“Umut fakirin ekmeğidir” demiş eskiler. Kimisi define arama peşinde harcar yıllarını, kimisi piyango vurmasını bekler, kimisi de Mısır’daki dayısından miras kalmasını bekleyerek tüketir ömrünü. Koşullar işçi ve emekçiler için öylesine içinden çıkılmaz bir hâl almış durumda ki, ellerindeki kuru ve boş hayalleri de yitip yok olmaya yüz tutmuş.
Ben hizmet sektöründe çalışan bir işçiyim. Birkaç gün önce işe giderken yağmur yüzünden bin bir git-gel yaşayarak taksiye bindim. Bindiğim taksideki şoförle kısa yolculuğumuz boyunca sohbet ettik. Sohbetimizin geneli patronların zenginliği ile ilgiliydi. Konuşmamız sırasında patronumun 30 yaşında biri olduğunu söyledim. O da bunun üstüne “geçenlerde yirmili yaşlarda birini aldım taksiye, adamın bir sürü işyeri varmış” dedi. Sonra ona bu yaşta nasıl o kadar zenginleştiğini sormuş. “Babadan kalmış. Yoksa çalışmakla zengin olabilmek mümkün mü?” diye anlattı bana. Ardından da “bize de babadan borç kalıyor. Ben miras falan istemiyorum. Borç kalmasın yeter” diye söylendi. Kendisinin 35 yaşında olduğunu ve küçük yaşlardan beri çalıştığını söyledi. Evli ve bir çocuk babası olarak zaten zor geçindiğini, bir de vefat eden babasının borçlarını ödemek zorunda kaldığını anlattı.
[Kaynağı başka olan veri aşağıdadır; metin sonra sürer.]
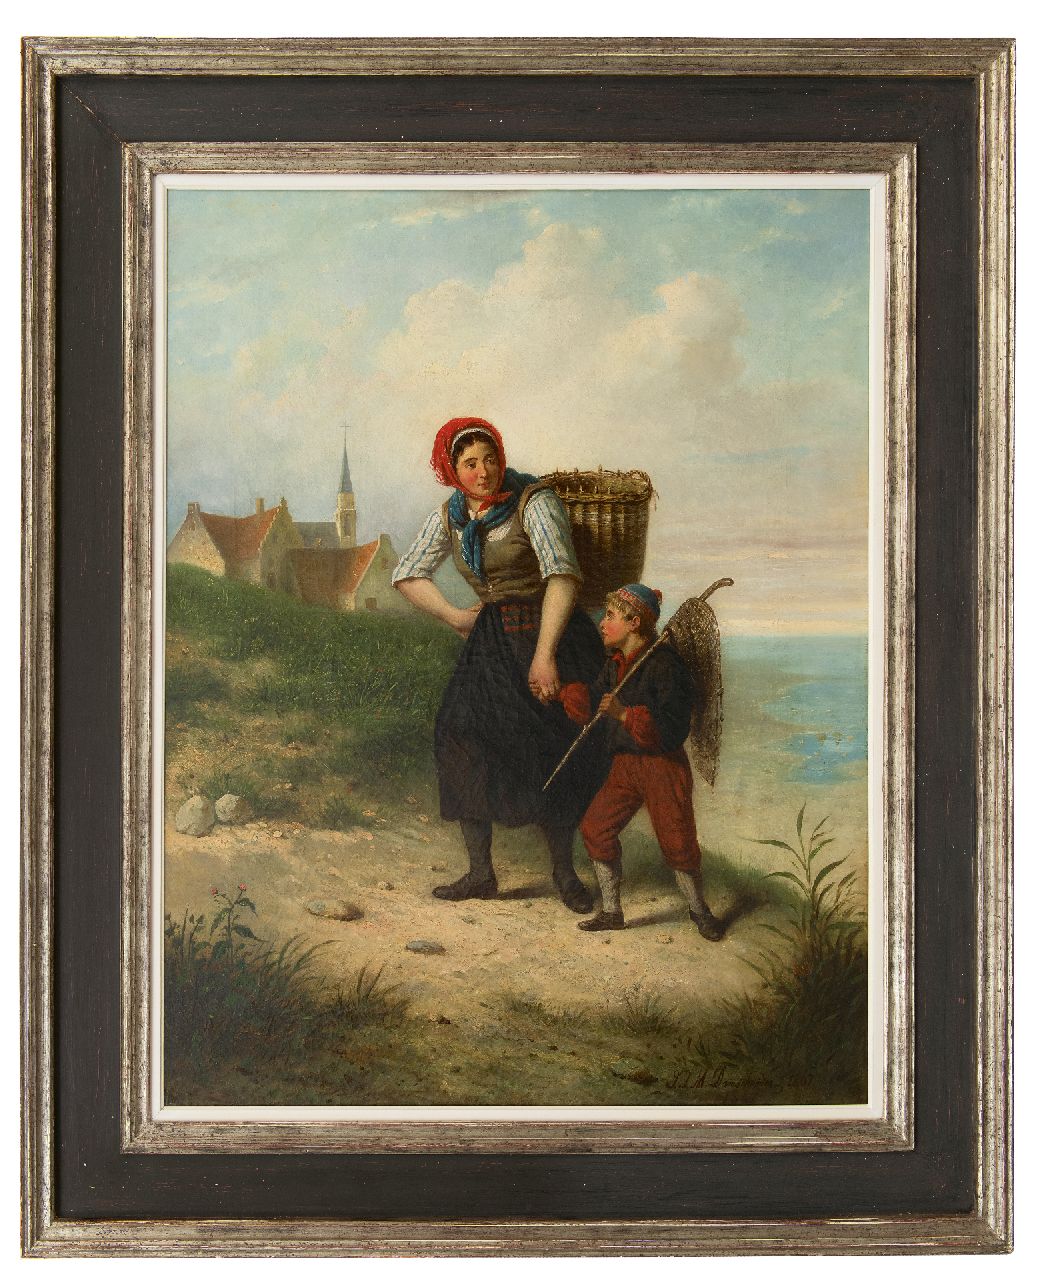 Damschreuder J.J.M.  | Jan Jacobus Matthijs Damschreuder | Schilderijen te koop aangeboden | Vissersvrouw met kind in het duin, olieverf op doek 93,6 x 71,1 cm, gesigneerd rechtsonder en gedateerd 1867

İşçilerin büyük bir çoğunluğu örgütsüz. Bu nedenle bu çarpıklıkların ve adaletsizliğin kapitalist sistemden kaynaklandığını ve bunun nasıl ortadan kalkabileceğini bilmiyorlar. Örgütlü ve sınıf bilinçli işçiler, yaşadıkları sorunlardan bıkmış ve bir çözüm yolu arayan işçilere çıkış yolunu göstermek zorundadır: Örgütlenmek ve mücadele etmek. Ancak örgütlenip mücadele ederek bu adaletsiz ve mantıksız sistemi yani bütün sorunlarımızı ortadan kaldırabiliriz. Bunun için bütün işçilerin birbirine ihtiyacı var. Bu yüzden ortak sorunlar yaşayan işçiler örgütlü mücadeleye katılmalıdır.